Keputusan Nikolai untuk membawa anak-anaknya berburu menjadi titik balik bagi Sergei (diperankan oleh Aaron Taylor-Johnson). Merasa tertekan dengan cara didikan ayahnya, Sergei memutuskan untuk meninggalkan keluarganya dan hidup menyendiri di Rusia. Di sana, ia mendapatkan kekuatan super dari seekor singa yang menyerangnya saat sesi berburu bersama ayahnya. Sergei kemudian menjalani misi pribadi untuk menangkap para penjahat yang menyakiti binatang liar.
Aleksei (Alessandro Nivola), seorang kriminal dengan kemampuan fisik sekuat badak, menjadi antagonis utama yang mengendus aksi Sergei. Namun, penggambaran karakter Aleksei dinilai kurang mendalam dan tidak berbeda jauh dari film-film aksi kelas B yang sudah ada sebelumnya.
Film ini, yang disutradarai oleh J. C. Chandor dan ditulis oleh Richard Wenk, Art Marcum, dan Matt Holloway, mendapat kritik tajam karena dialog yang terlalu sederhana dan plot yang terkesan datar. Sebagai film solo yang seharusnya memperkenalkan karakter Kraven, film ini gagal memberikan pengenalan yang kuat dan membingungkan penonton yang tidak familiar dengan cerita aslinya.
Karakter lain seperti Foreigner (Christopher Abbott) dan Calypso (Ariana DeBose) juga tidak mendapatkan pengembangan yang memadai. Foreigner muncul tanpa penjelasan yang jelas, sementara Calypso, yang seharusnya menjadi partner Sergei, tetap menjadi sosok misterius dengan latar belakang yang tidak dijelaskan secara rinci.

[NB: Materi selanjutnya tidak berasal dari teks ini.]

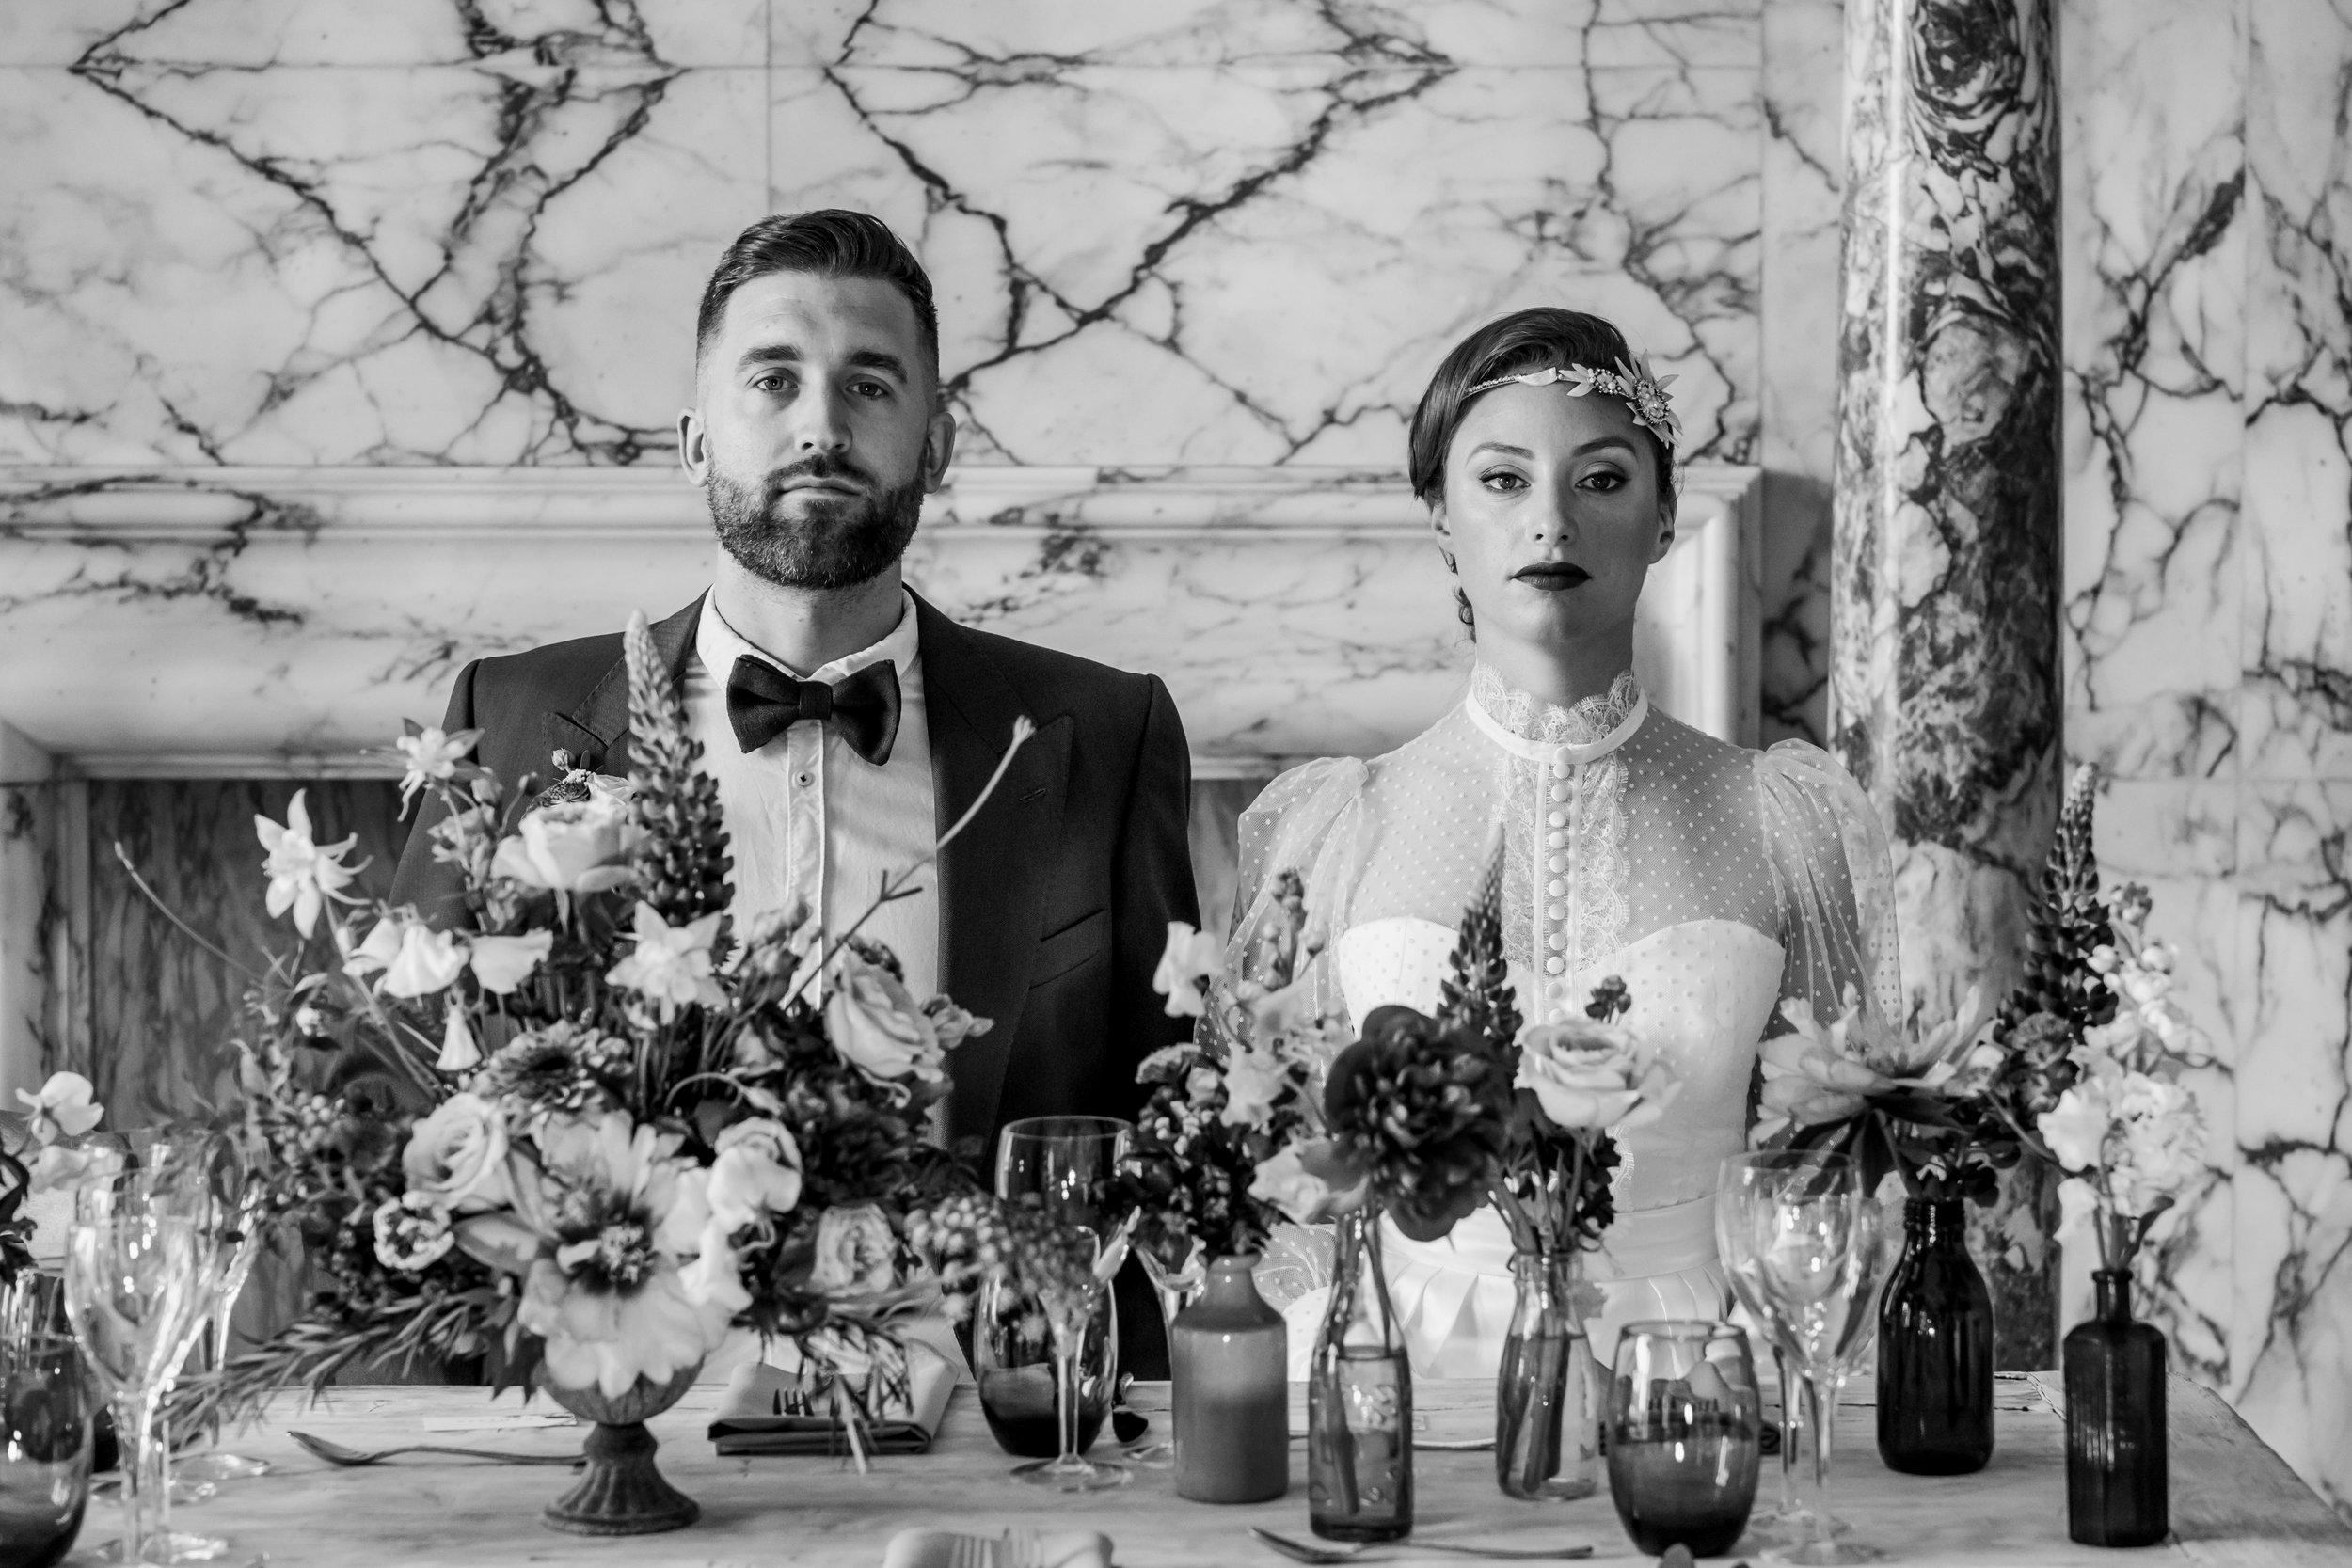 Jessica-Milberg-Photography-Margots-Wedding-Magazine-Balcombe-Place-StyledShoot-Creative-Alternative-Brighton-London-Photographer-41.jpg
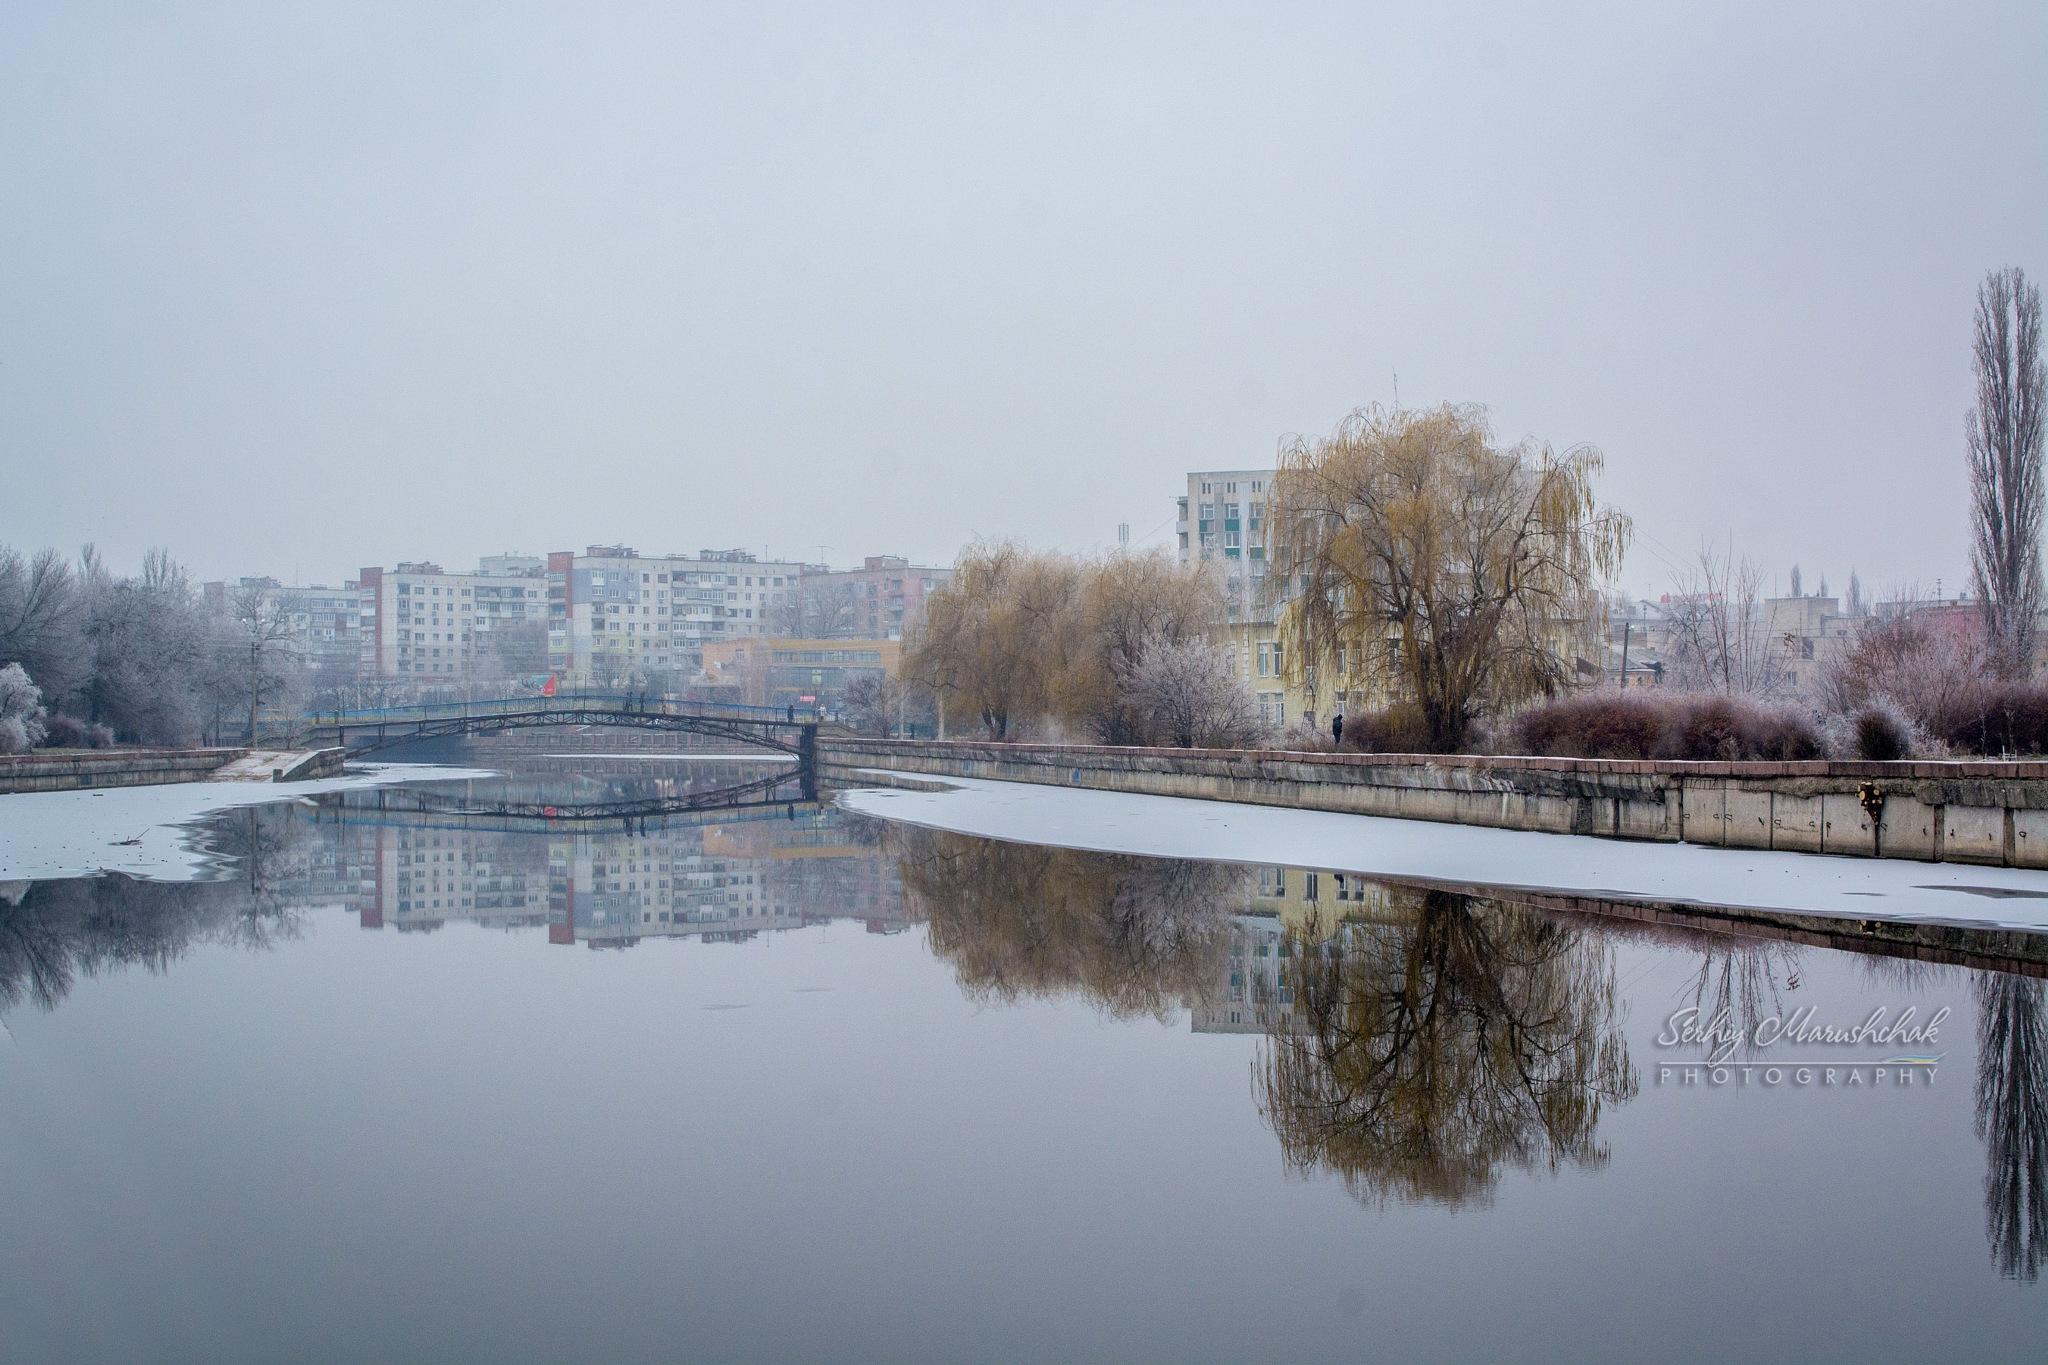 Ранкова ріка... / Morning river... by artmars07

Salah satu kelemahan utama dari “Kraven The Hunter” adalah penggunaan CGI yang kurang mulus dan pertarungan klimaks yang tidak memberikan kesan mendalam. Meskipun ada usaha untuk menyajikan adegan aksi yang seru, seperti pengejaran di London, hasil akhirnya tetap tidak memuaskan.
Film ini juga dikritik karena tidak memanfaatkan rating dewasa yang dimilikinya. Berbeda dengan film-film seperti “Deadpool” atau “The Suicide Squad” yang memanfaatkan rating dewasa untuk menghadirkan adegan brutal dan dialog yang tajam, “Kraven The Hunter” terasa seperti film remaja dengan sedikit elemen kekerasan.
Dengan akting yang tidak meninggalkan kesan mendalam, dialog yang terdengar kaku, dan cerita yang tidak memorable, “Kraven The Hunter” menjadi film superhero yang mengecewakan.